The glucose and oxygen combine to form ATP (the molecule on my front page) which is used as an energy store to fuel all the reactions of the body. Most of this is done inside mitochondria, so mitochondria are vital for our lives.

Mitochondria are unusual organelles. They contain their own genetic material, mitochondrial DNA (mtDNA). Like any DNA it can have mutations and these get passed on in the maternal line as the mother makes eggs which have mitochondria in, her mitochondria. Each parent also donates nuclear genetic material to the embryo, but only the mother donates mtDNA. We can trace people back to ‘Eve’ by their maternal mitochondria. Many of us are interested in where we come from.

Mitochondria only contain about 37 genes while nuclear DNA (nDNA) contains about 30,000 genes. But the mitochondrial genes are vital and any mutations can lead to serious and very deadly diseases.

If a woman is carrying mutated mitochondrial genes she will pass them on to her offspring regardless of whether her nuclear genes and the father’s nuclear genes are fine.

To circumvent this, women with mitochondrial diseases need three biological donors:

  • one giving an egg with healthy mitochondria ( a donor female) but with the nucleus removed so there is no nuclear genetic material,
  • one giving nuclear genetic material (the ‘mother’ with the faulty mitochondria) but not donating the egg and
  • one giving sperm (the male donor) containing nuclear genetic material.
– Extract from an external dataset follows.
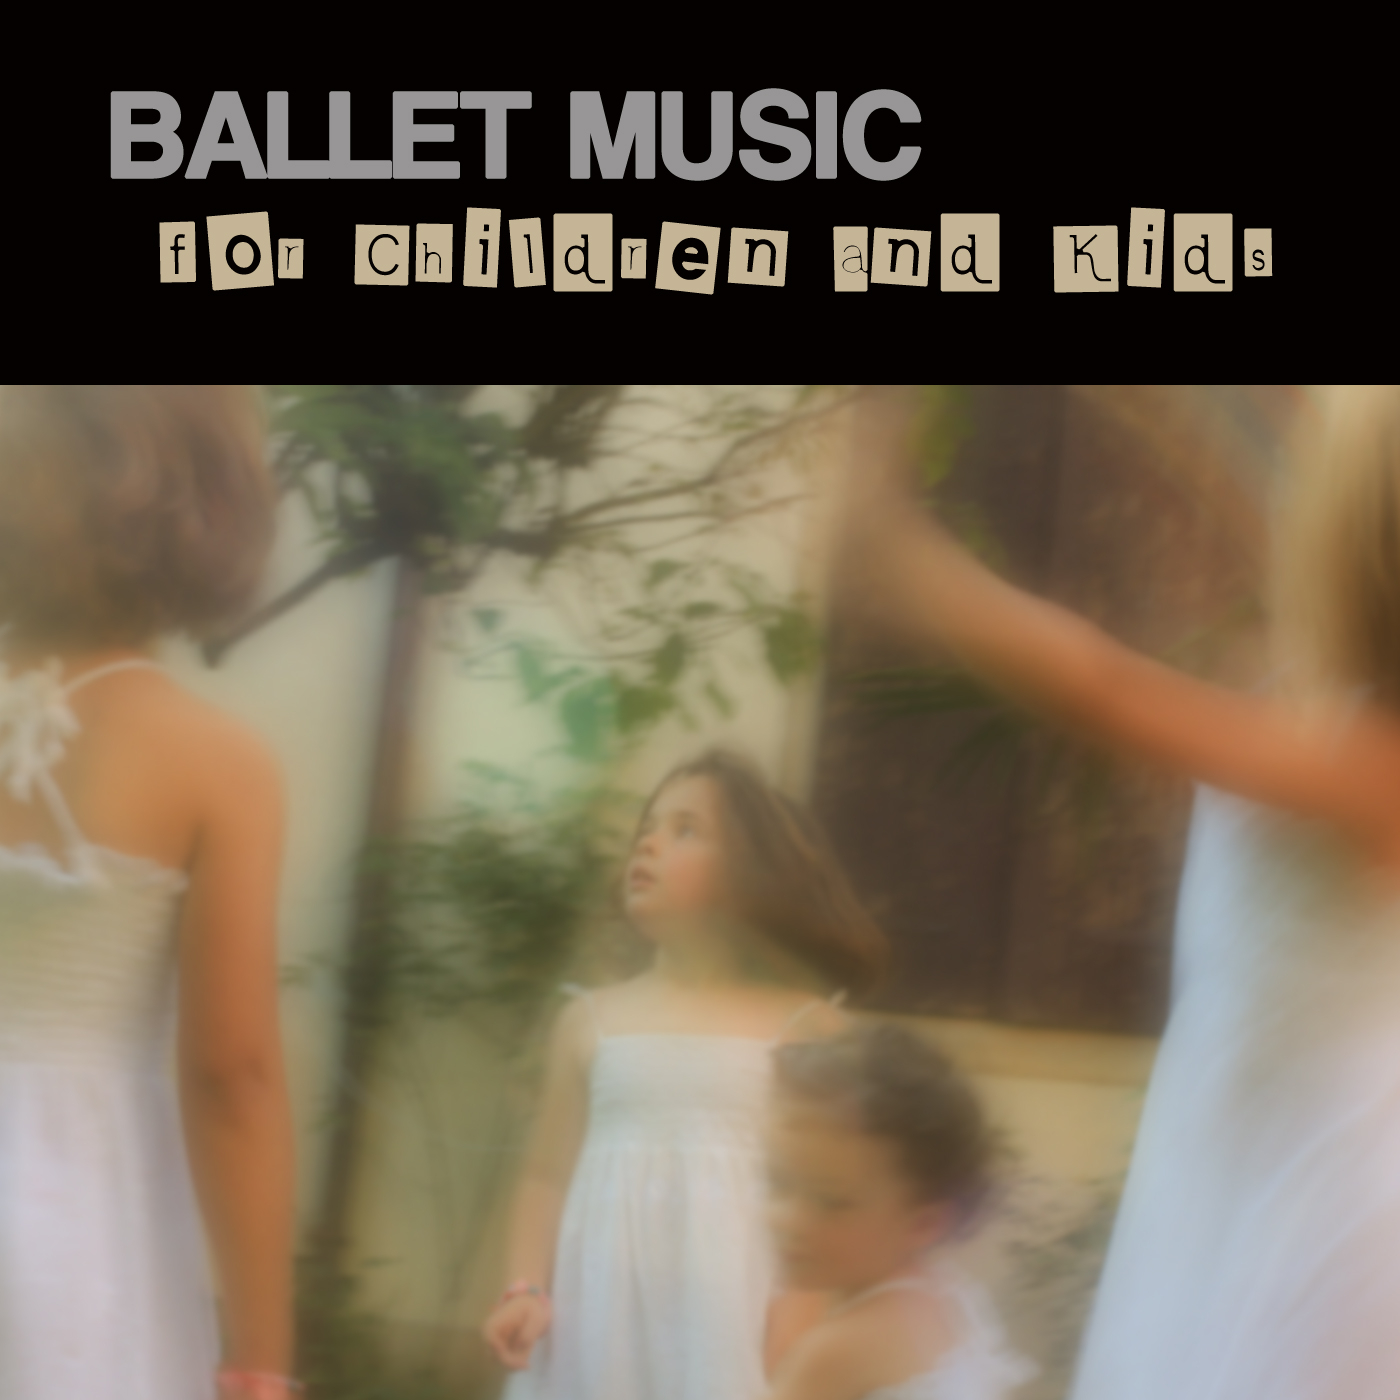 Brahms's Lullaby - Ballet for Children
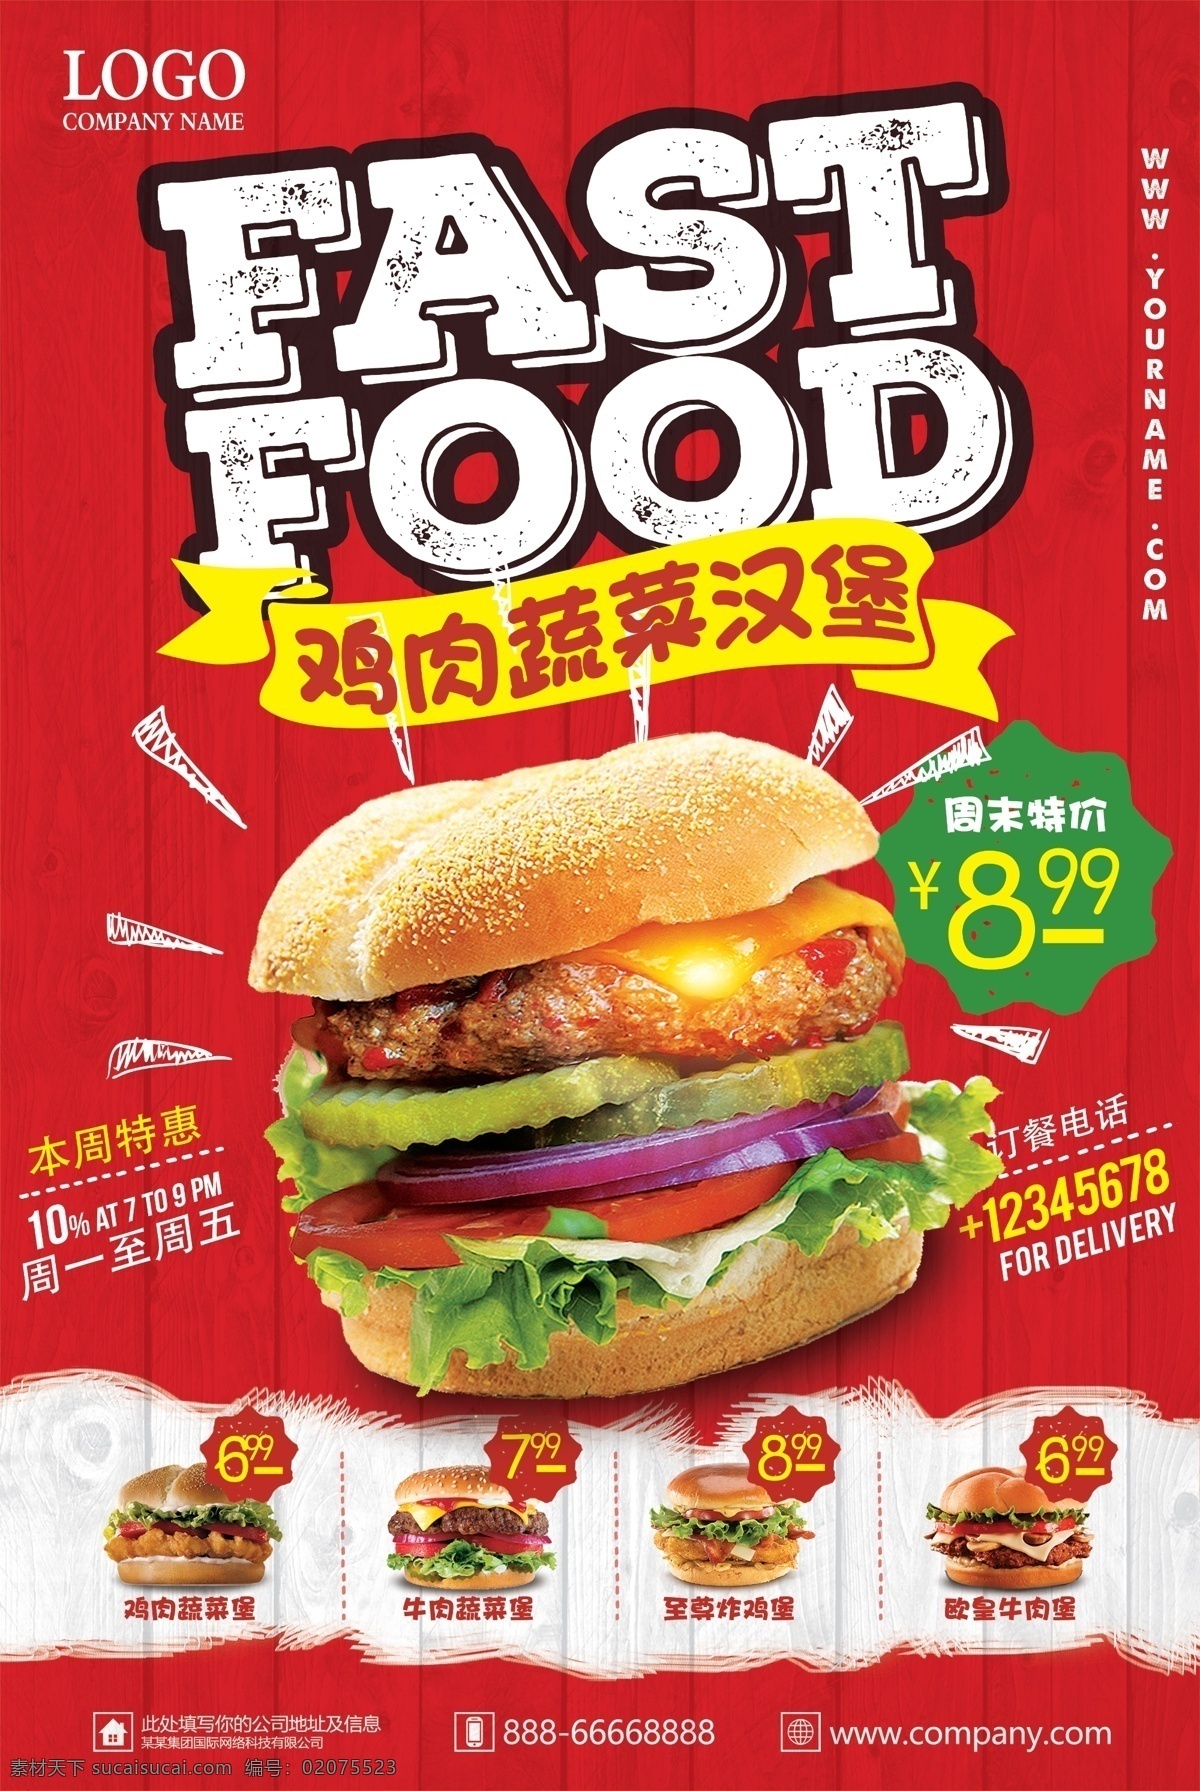 红色 鸡肉 蔬菜 汉堡 餐饮美食 pop 海报 海报背景 创意海报 时尚海报 海报素材 海报模板 卡通海报 模板下载 创意背景 设计创意海报 海报图片 免费 免费模板 免费素材 平面素材

Three partners/donors/parents.

The egg may then be brought through pregnancy by the ‘mother’ if it is only her mitochondrial genetic material that is at fault. In other-words, her nucleus with nuclear genes can be put into the egg with no nucleus but healthy mitochondria and fertilised by sperm. The problem is, you have just cloned a baby.

Again, how do the children feel when they grow up?

I imagine in the first case that the child of a surrogate would want to know the egg donor or the womb donor. In some cultures and religions it is the womb donor who is the mother, not the egg donor. I know of people who have used this method to have children because they wanted children. I am not sure how their children will react to finding out that their mother was rent-a-womb and that their parents have no further interest in her once she has done her bit.

For the mitochondrial child, there may only have been an egg with mitochondrial DNA genetic material donated and the pregnancy might have been in the mother. Not just the social mother, but the biological one.

I think we need to stop thinking about parents rights as there are no real inalienable rights to have children.  Who do you blame if you can’t have children? Who do you sue; yourself?  We need to start thinking about how we use women as just another commodity in our individual choices, in our buying power, in the way we treat each other and the planet as one big shop. We need to start thinking about how the children will feel and what they will want when they grow up. And most of us want to know where we came from, who our biological parents are, what their culture and customs are and how come they sold/gave us to another.